Тиканье часов не вдруг, но стало редеть, делалось всё легче и легче, пока не сделалось таким невесомым, что ему уже чудилось, что часы эти идут впустую, нисколько не двигая вперёд то, что двигали раньше. И так ему делалось легко и невесомо, что он вздрагивал, задыхался и высовывался лицом из-под одеяла. И каждый раз, как он выныривал из дрёмы, ему становилось всё холоднее. Тщетно искал он под одеялом места, чтоб согреться: то откуда-то сквозило прямо в бок, то ноги оказывались где-то в холоде, а то зябла голова; либо уж совсем неловко было лежать.
«И ведь надо было, пожалел же, дурак, дров, решившись всё-таки встать, старик откинул одеяло и вытянул ноги. Что будет!»
Напрягшиеся мышцы ног стянуло резкой болью, и эта боль дурнотой вернулась в голову, нехорошо отдаваясь внутри. Всем своим нутром он почувствовал, как это что-то нехорошее дёргается в нём и вот-вот что-то оборвёт, так что страшно было даже пошевелиться Пролежал он так достаточно долго, раскрытый, смаргивая слёзы и прислушиваясь к дёрганью внутри себя, которое то отставало, то перегоняло удары часов. Лишь когда сердце почти совсем унялось, он приподнял голову, попробовал сесть в кровати, сел-таки и принялся сидя, по-стариковски, одеваться. Хоть и озяб, а одевался он медленно, с трудом соображая свои движения, и часто останавливался, опершись руками о край кровати и покачиваясь всем телом взад-вперёд.
На кухне старик оделся в тёплое, натянул рукавицы и толкнул дверь на мост. Дверь за ночь пристыла. «Повело ведь как тоже», подумал старик и несколько раз боком, всем телом пихнул её. Дверь не подавалась.
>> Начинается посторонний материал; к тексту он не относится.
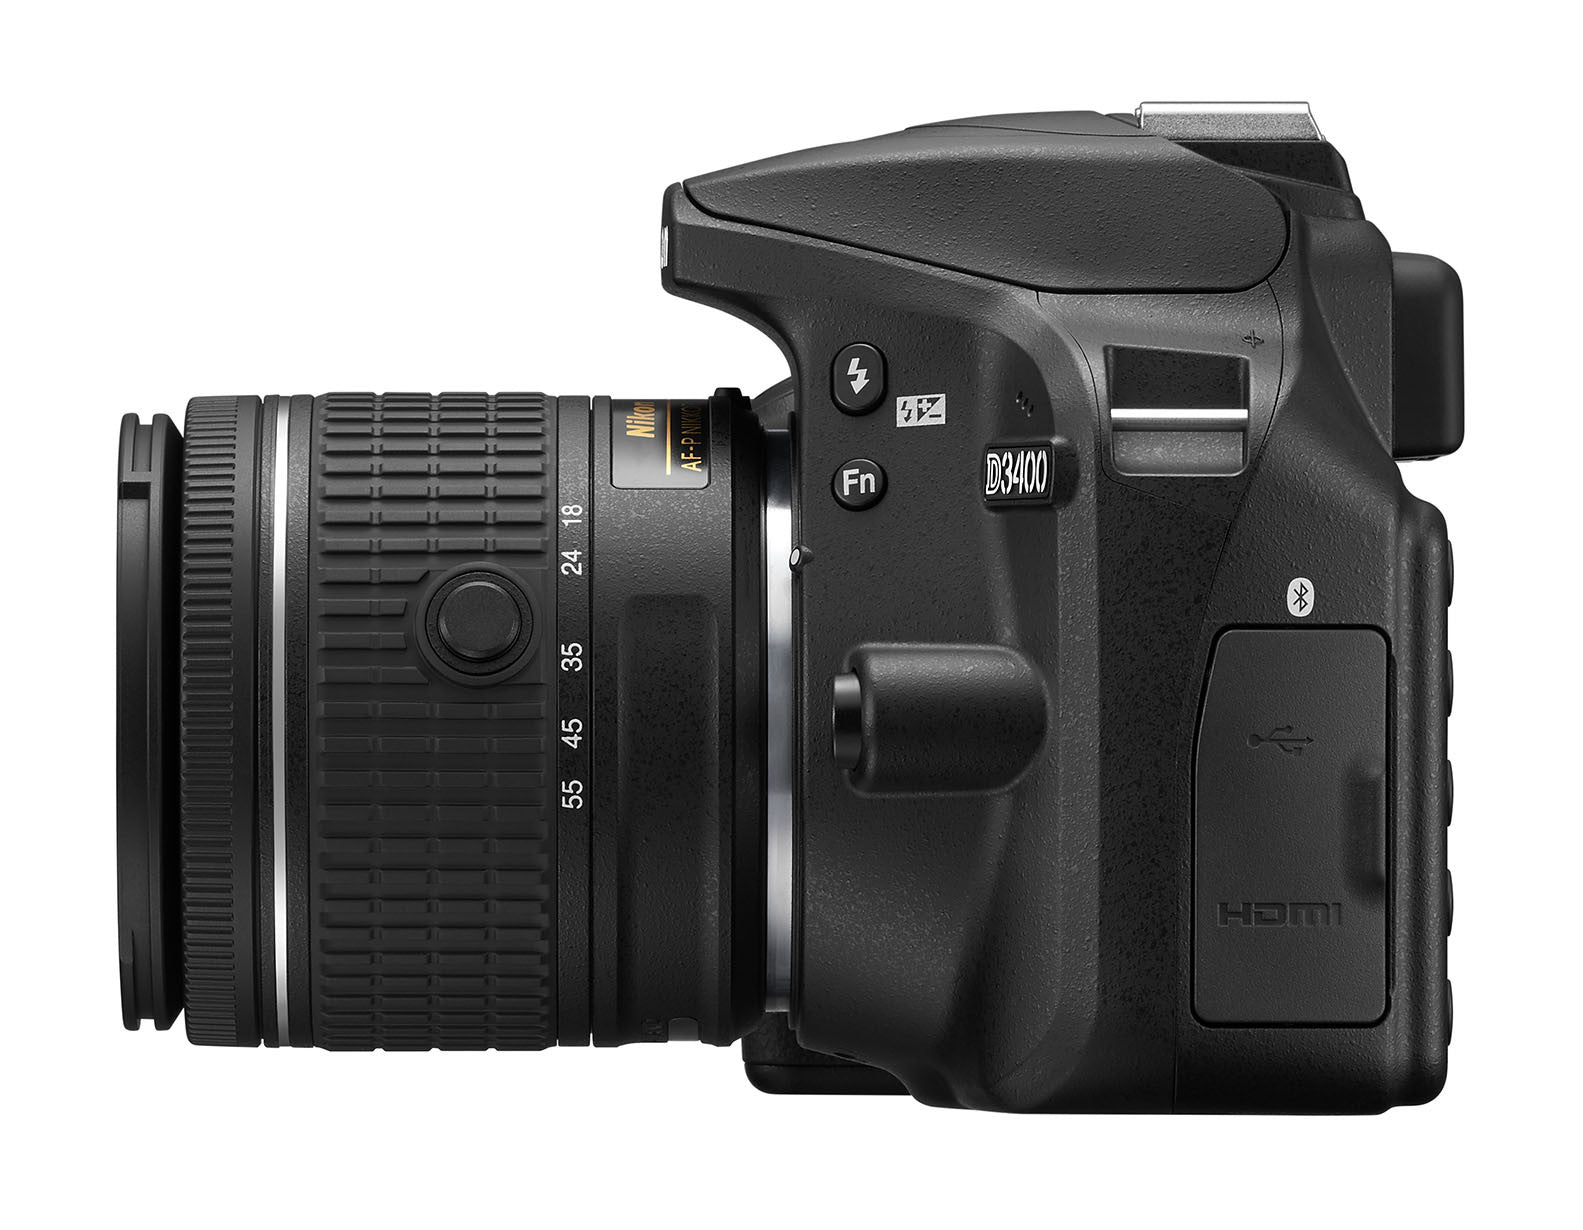 Nikon D3400 DX-format Digital SLR Kit w/ 18-55mm DX G VR Zoom Lens Black, camera dslr cameras, Nikon - Pictureline  - 5
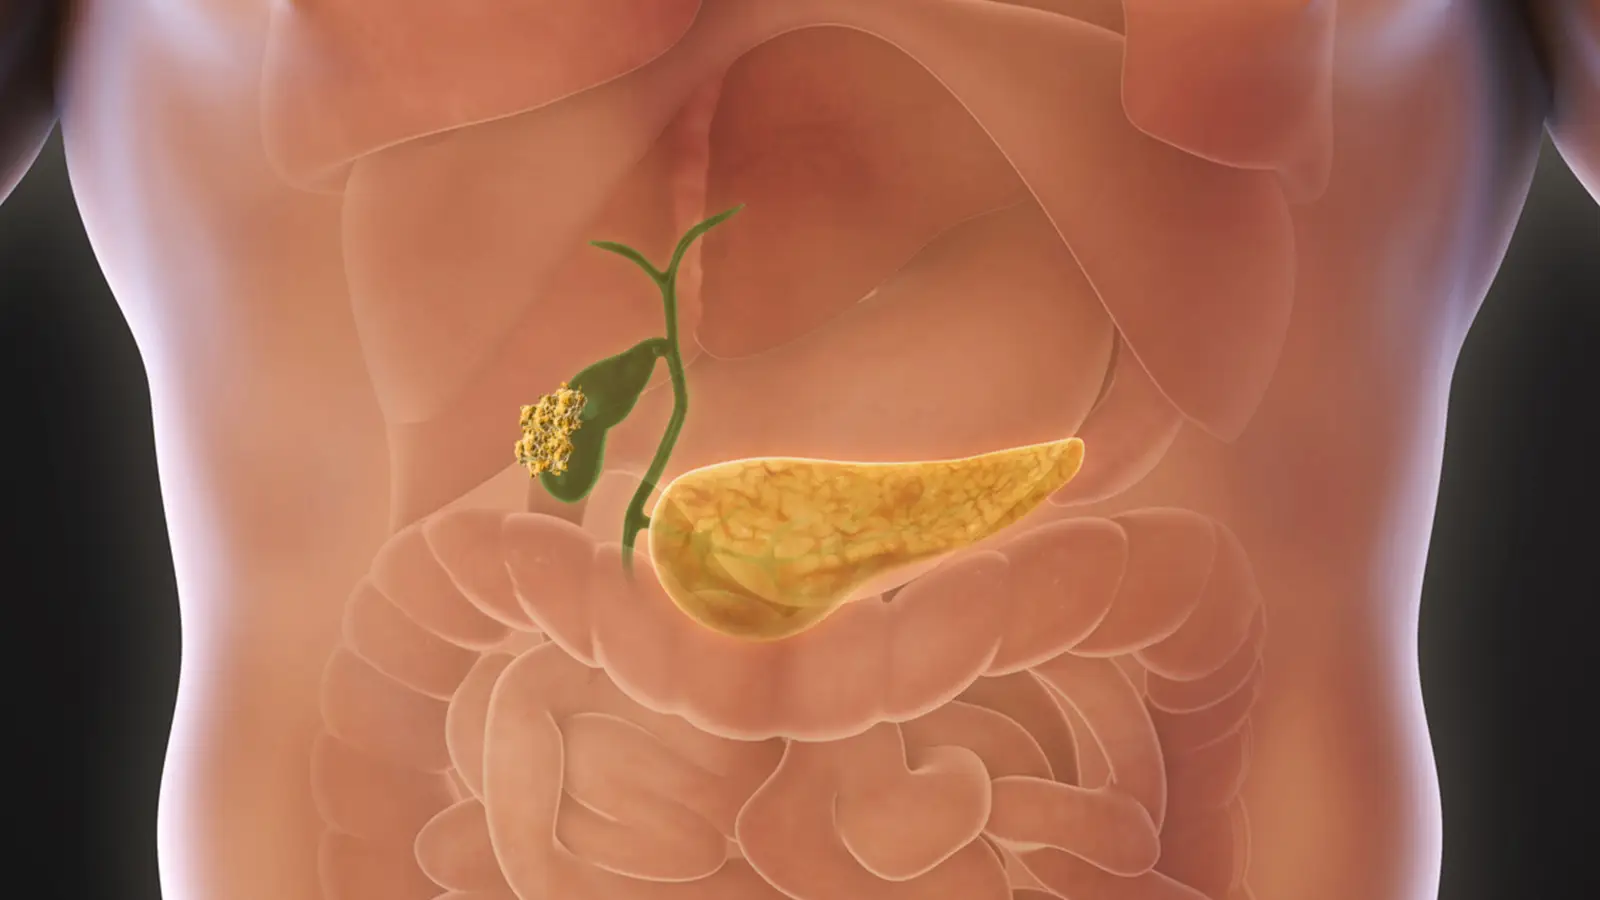 Image of gallbladder cancer

Да что ты будешь получилось у него сказать в голос, и звук собственного голоса напугал его, как чужой голос, заставив толкаться в дверь ещё сильнее. И когда уже подумалось, не осилить, дверь неожиданно пискнула и распахнулась. Под валенками отчаянно запищали заиндевевшие половицы, и холод сразу заполнил и рот и нос своим густым железным привкусом. На глаза навернулись слёзы. В блеклом свете лампочки проём лестницы во двор зиял зловещей чернотой. Старик даже в нерешительности приостановился и, спускаясь по мёрзлым ступенькам, нарочито громко откашлялся перед собой паром
Затопить старик торопился. С грохотом свалив у печки дрова, не раздеваясь, он укладывал в печь мёрзлые поленья. Привычное это дело доставляло ему видимое удовольствие. Открыв трясущимися руками трубу, тяжело и с присвистом дыша, он опустился на колено, отёр рукавом лицо и чиркнул спичкой. Скомканная газета сразу занялась, наполняя воздух запахом дыма. Затрещала загоревшаяся кора. А старик, страдальчески сморщив лицо, наблюдал, как разгорался огонь, как язычки пламени сновали меж тяжёлых тёмных поленьев. Язычки эти хоть и казались слабыми поначалу, но их становилось всё больше и больше. Их отблески освещали застывшее в напряжённом ожидании лицо старика и яркими точками прыгали в его влажных глазах. Когда он, наконец, захлопнул двёрку и прикрыл поддувало, внутри загудело и защёлкало.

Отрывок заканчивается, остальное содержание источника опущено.